Each line below from the "As New 15 inch" line through the "mouthwash and toothbrush" line, those two included, must be restated word for word; the pictures must not be.
BEGIN DATA PROVIDED
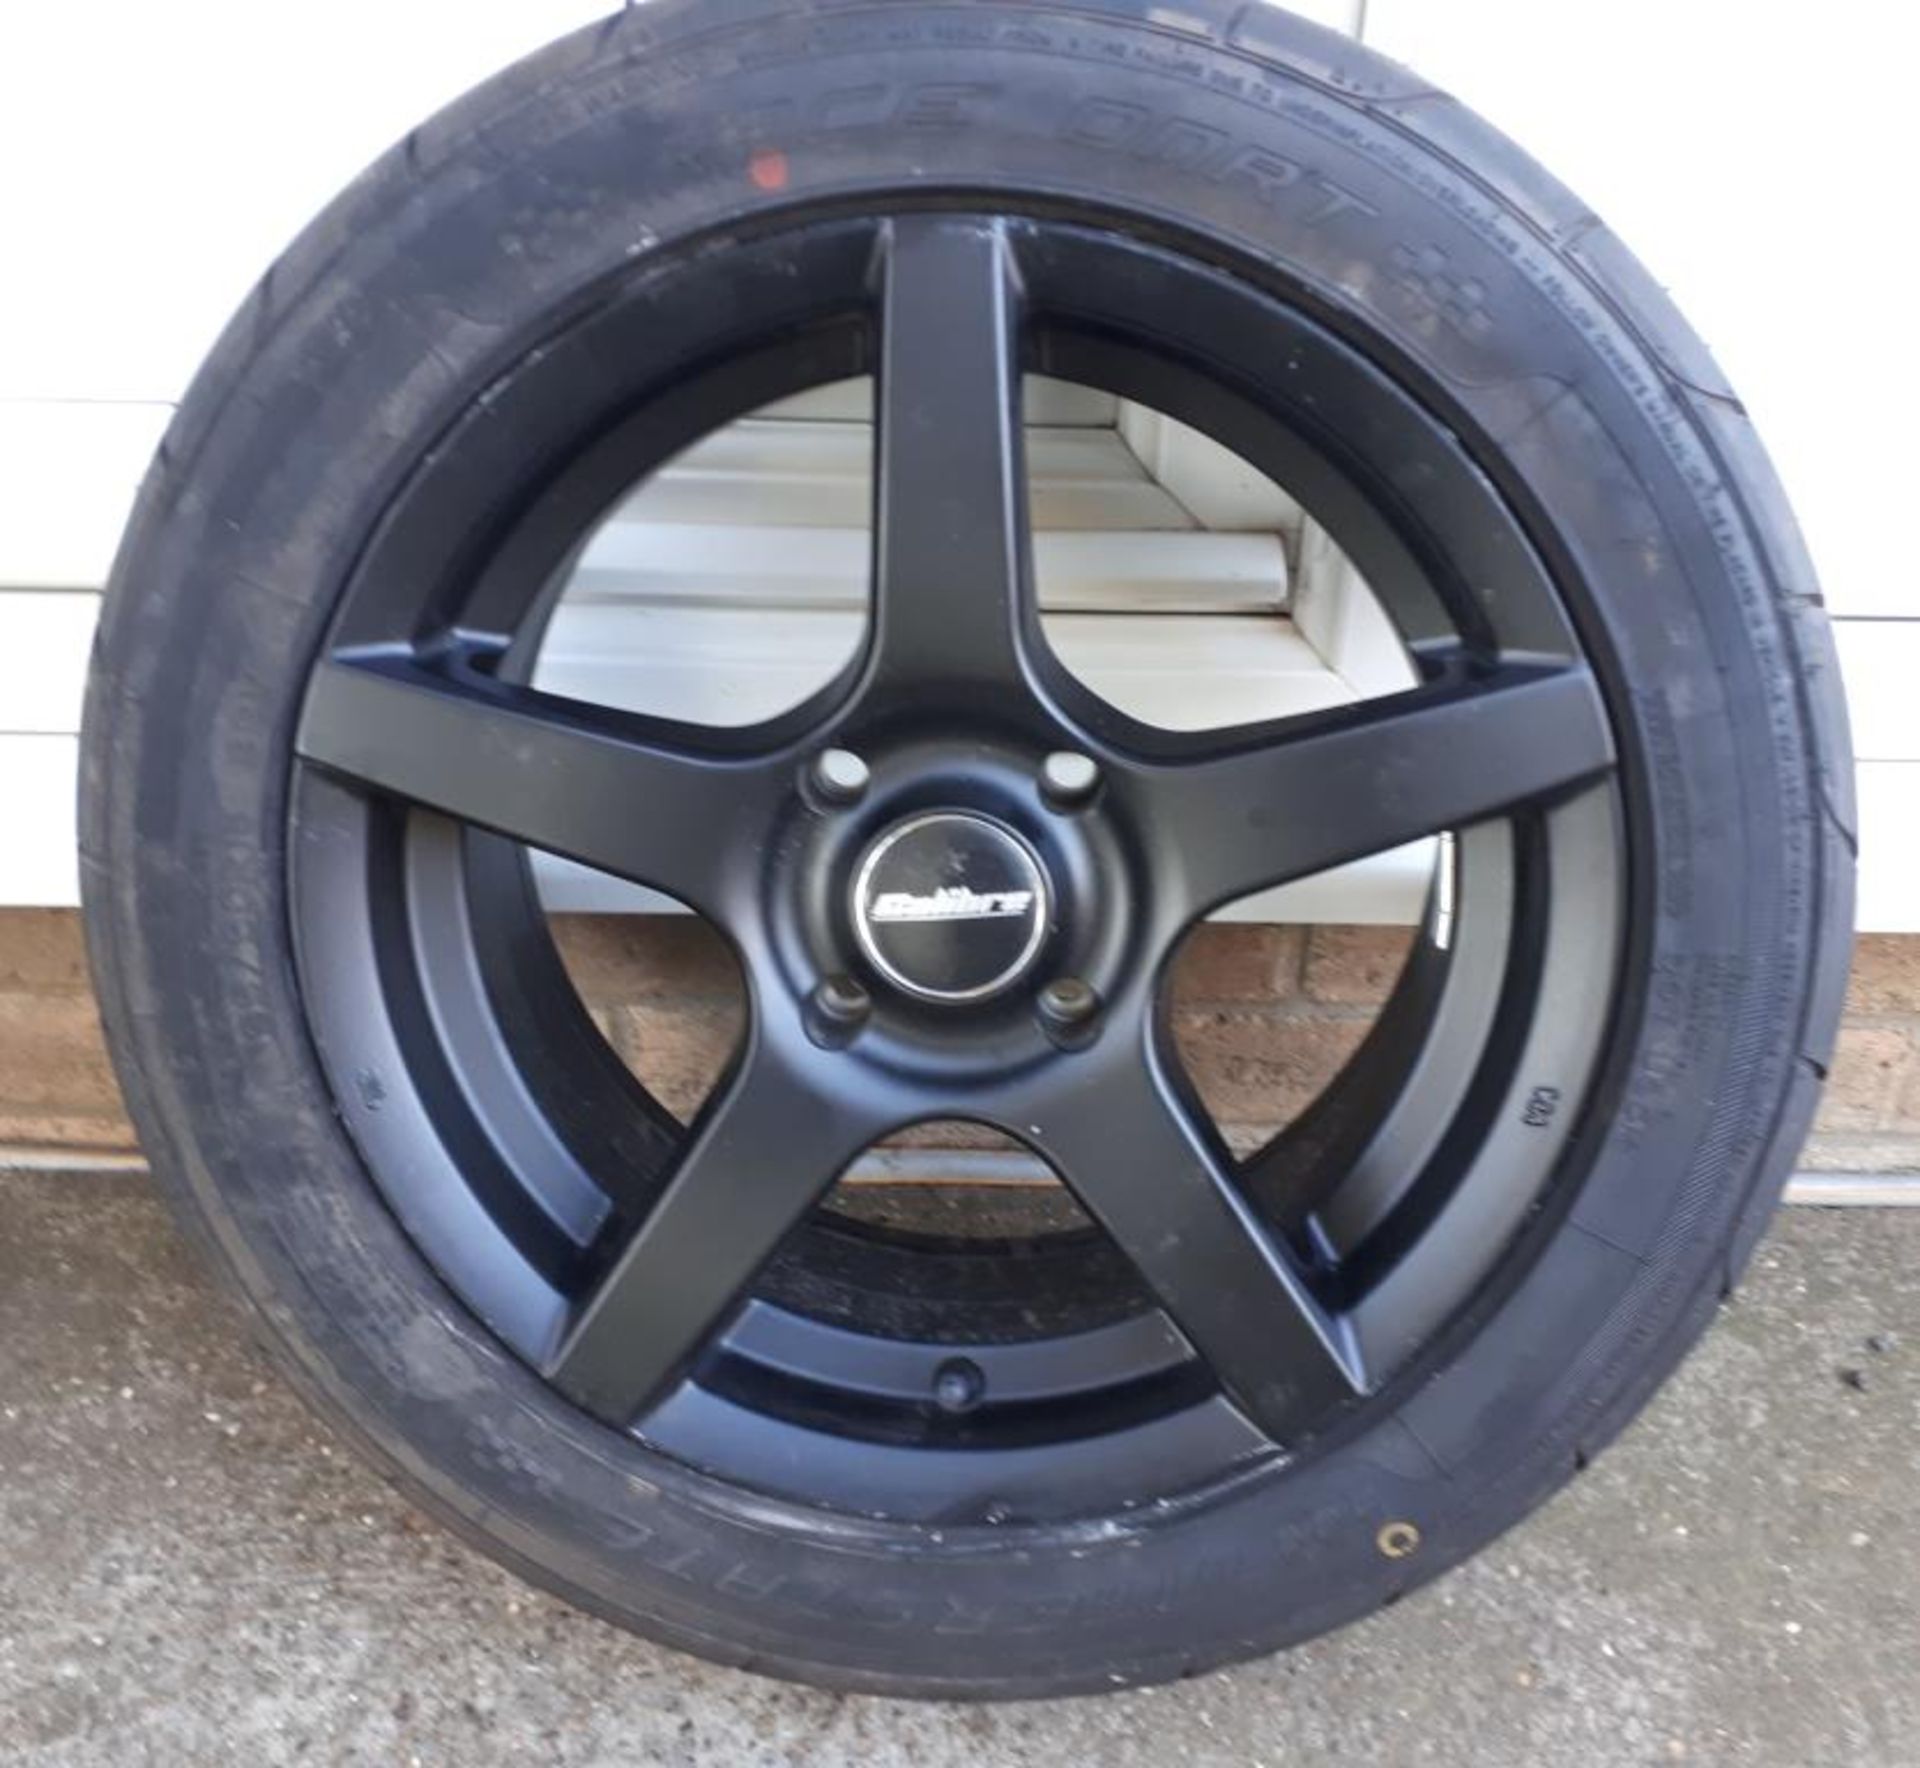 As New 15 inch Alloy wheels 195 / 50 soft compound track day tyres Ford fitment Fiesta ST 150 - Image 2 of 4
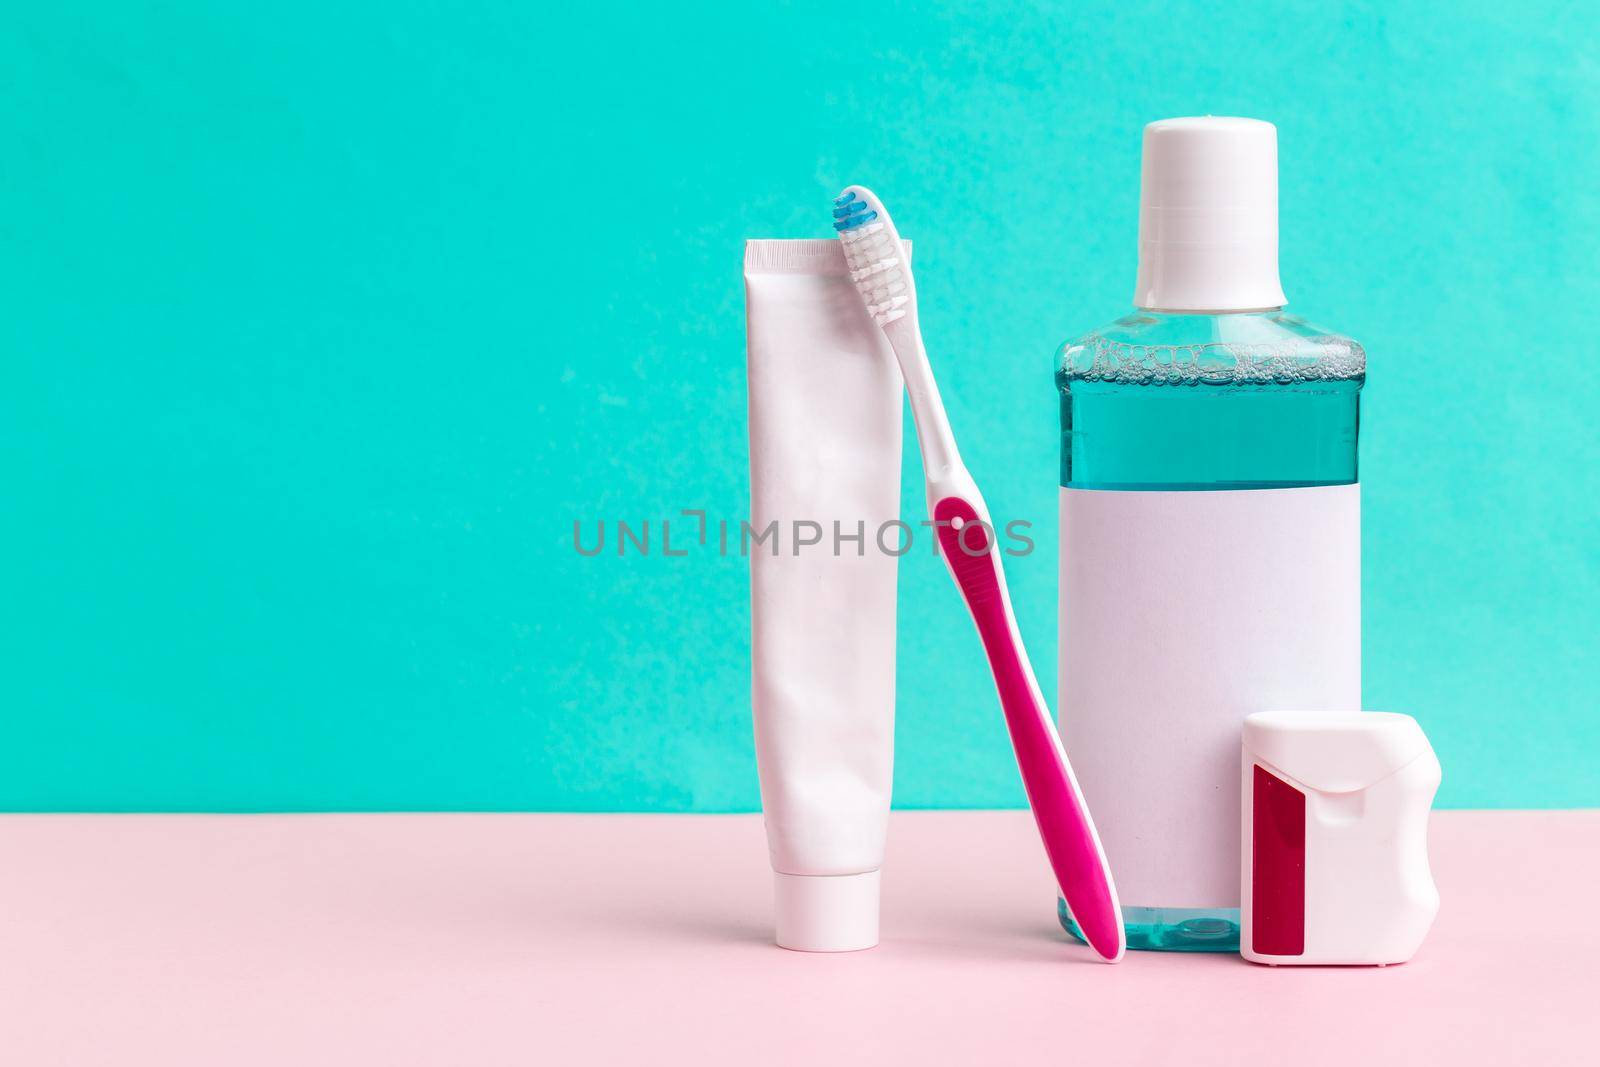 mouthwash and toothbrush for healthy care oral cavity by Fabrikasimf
END DATA PROVIDED
BEGIN DATA PROVIDED
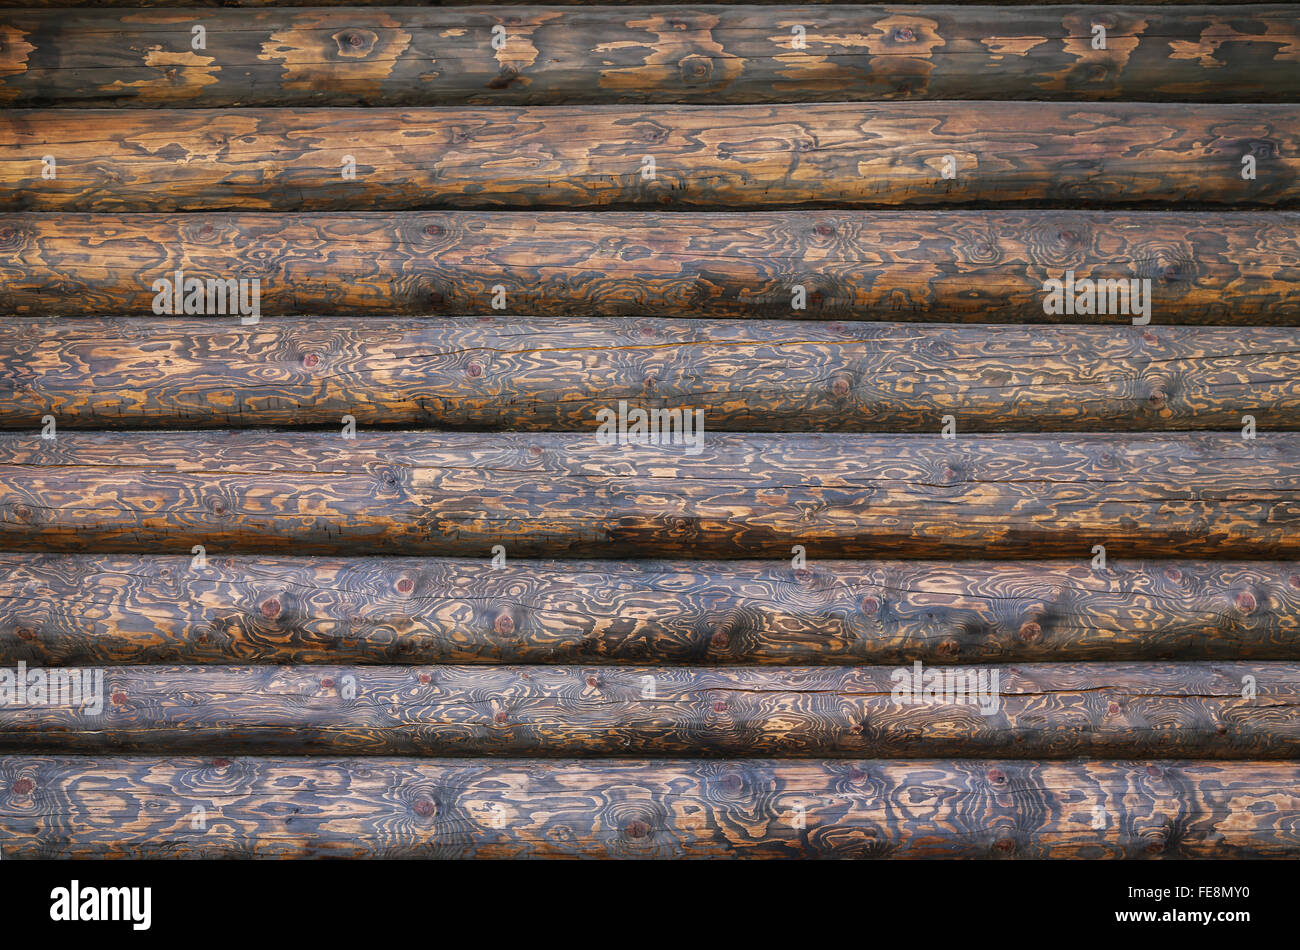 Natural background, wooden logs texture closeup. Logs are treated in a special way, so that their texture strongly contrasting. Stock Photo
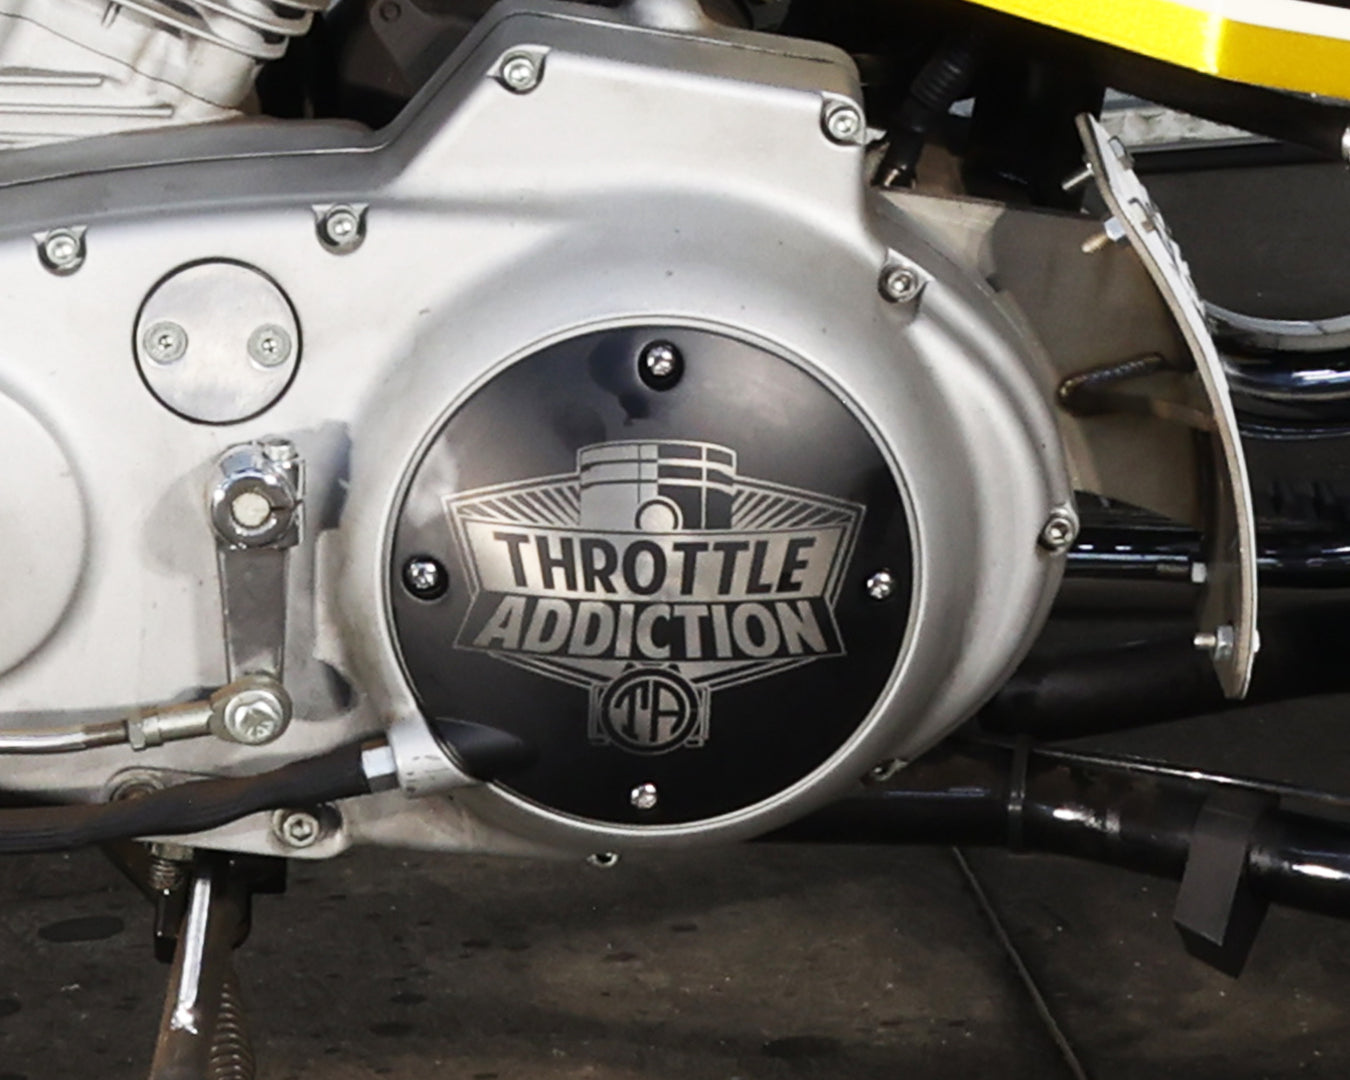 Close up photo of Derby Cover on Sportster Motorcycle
END DATA PROVIDED
BEGIN DATA PROVIDED
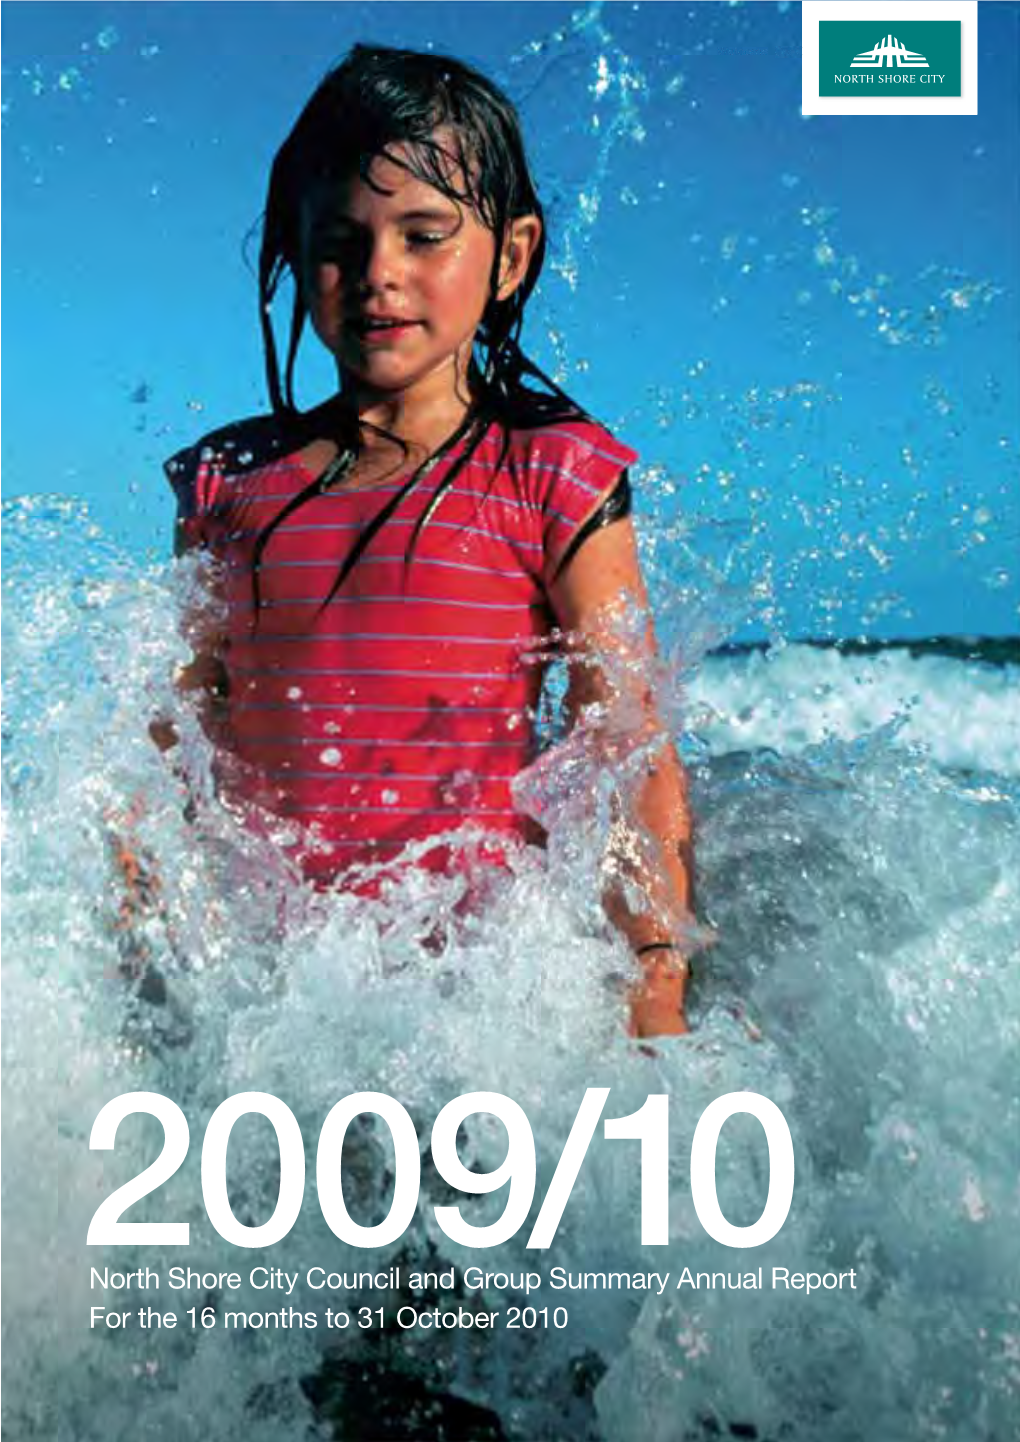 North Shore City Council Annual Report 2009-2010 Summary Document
END DATA PROVIDED
§ **RESULT BELOW**:
 As New 15 inch Alloy wheels 195 / 50 soft compound track day tyres Ford fitment Fiesta ST 150 - Image 2 of 4
 mouthwash and toothbrush for healthy care oral cavity by Fabrikasimf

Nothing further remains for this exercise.